Fossano, Cuneo, 1 ottobre 1545 - Saluzzo, Cuneo, 30 agosto 1604

Elevato all’onore degli altari d Leone XIII il 9 febbraio 1890, Giovanni Giovenale Ancina fu uno dei primi discepoli di San Filippo Neri”. Nell’Oratorio di Roma, a contatto con Padre Filippo, l'Ancina ha trovato la via su cui avrebbe poi impostato fedelmente tutta la sua esistenza: per l’Oratorio, la principale opera apostolica della Congregazione, lavorò con intelligenza e dedizione, mettendo al suo servizio anche le doti di letterato e di artista, oltre di cultore delle scienze teologiche e di ammirato predicatore.
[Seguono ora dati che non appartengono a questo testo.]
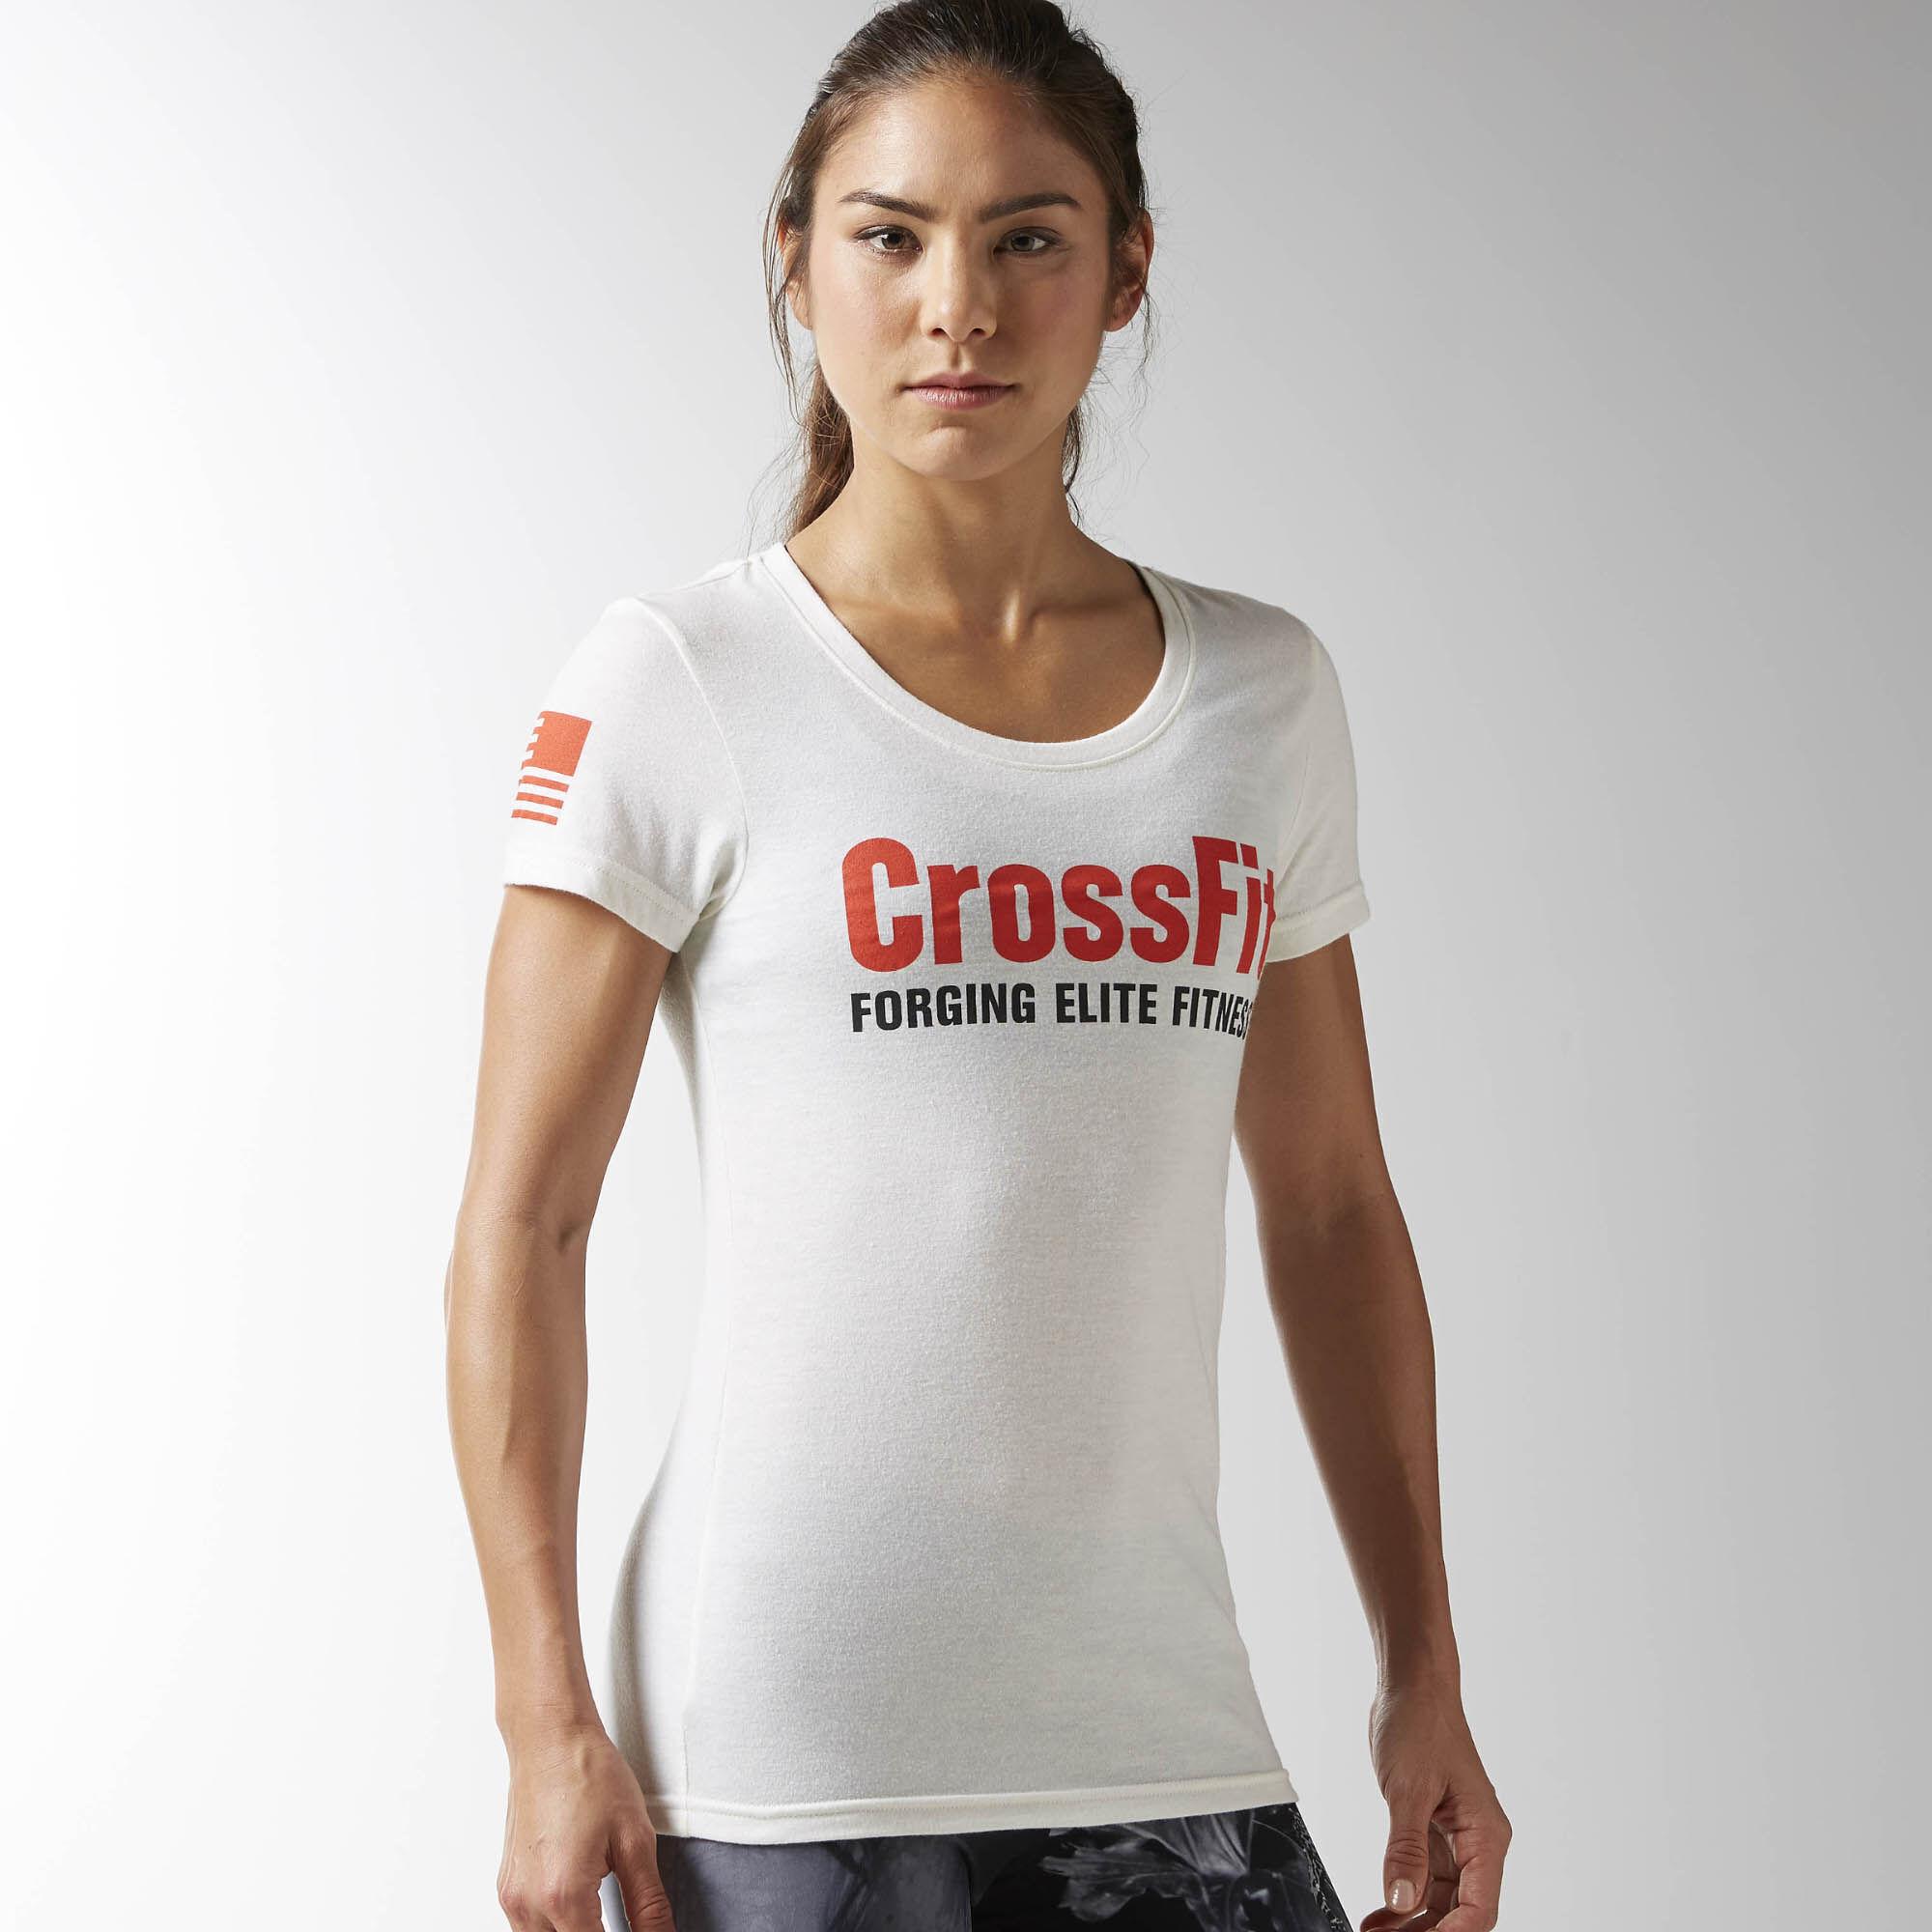 reebok australia crossfit gym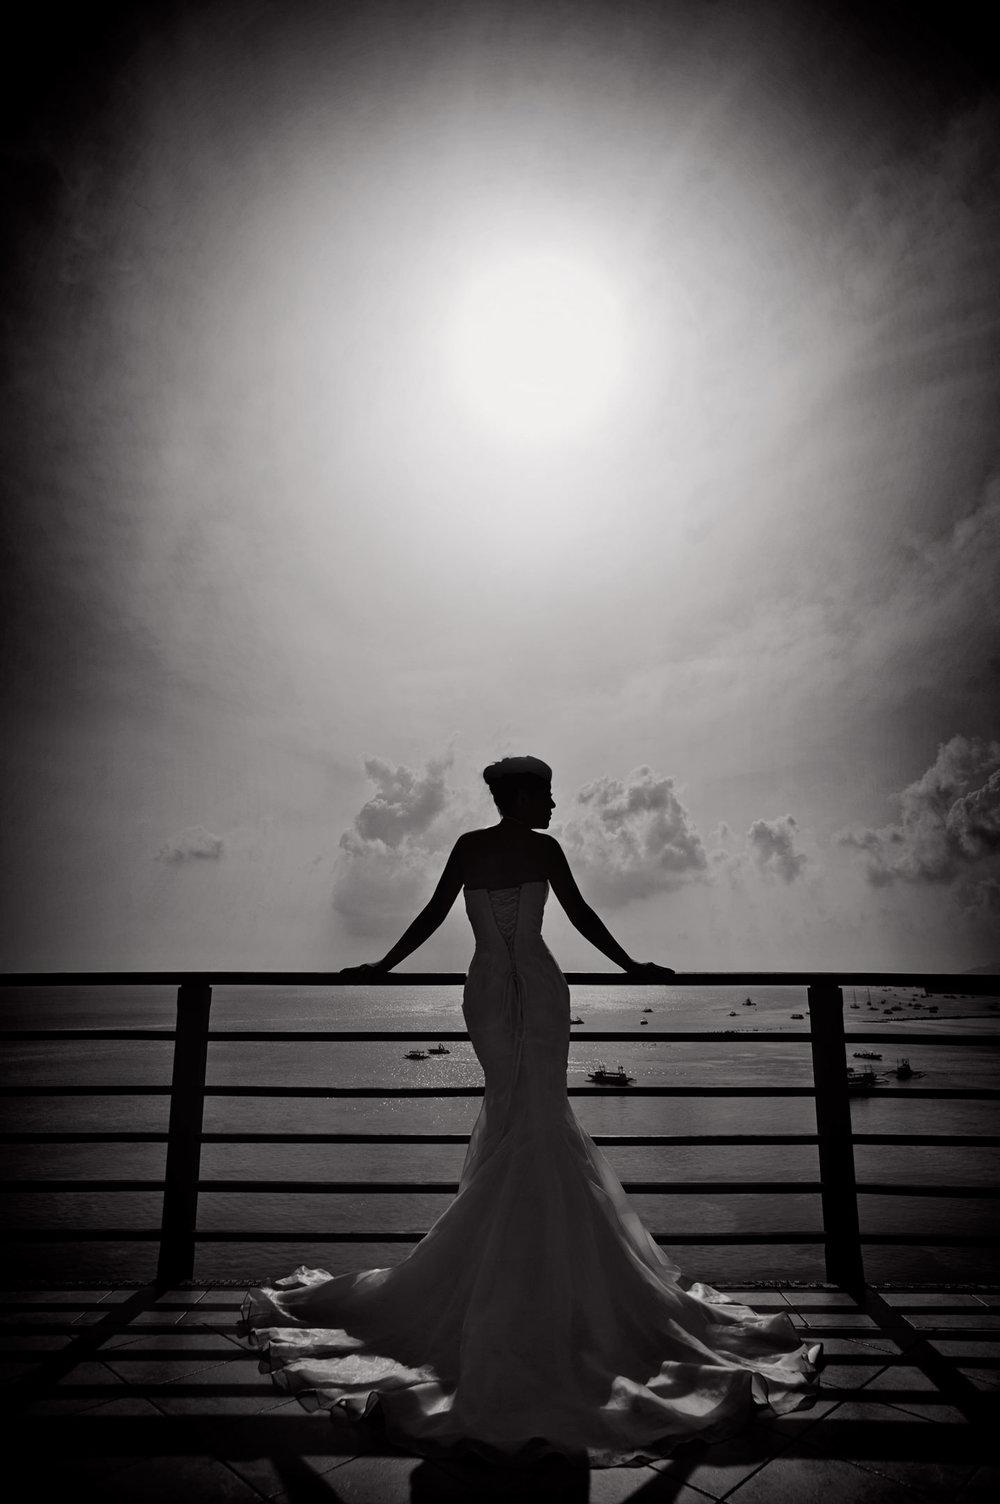 Chris_Hui_婚禮_婚紗照_pre_wedding_photography_best_072_.jpg

Richiamato a Roma nel 1596, è scelto dal Papa come Vescovo di Saluzzo.

Etimologia: Giovanni = il Signore è benefico, dono del Signore, dall'ebraico

Emblema: Bastone pastorale

Martirologio Romano: A Saluzzo in Piemonte, beato Giovanni Giovenale Ancina, vescovo, che, un tempo medico, fu tra i primi a entrare nell’Oratorio di san Filippo Neri.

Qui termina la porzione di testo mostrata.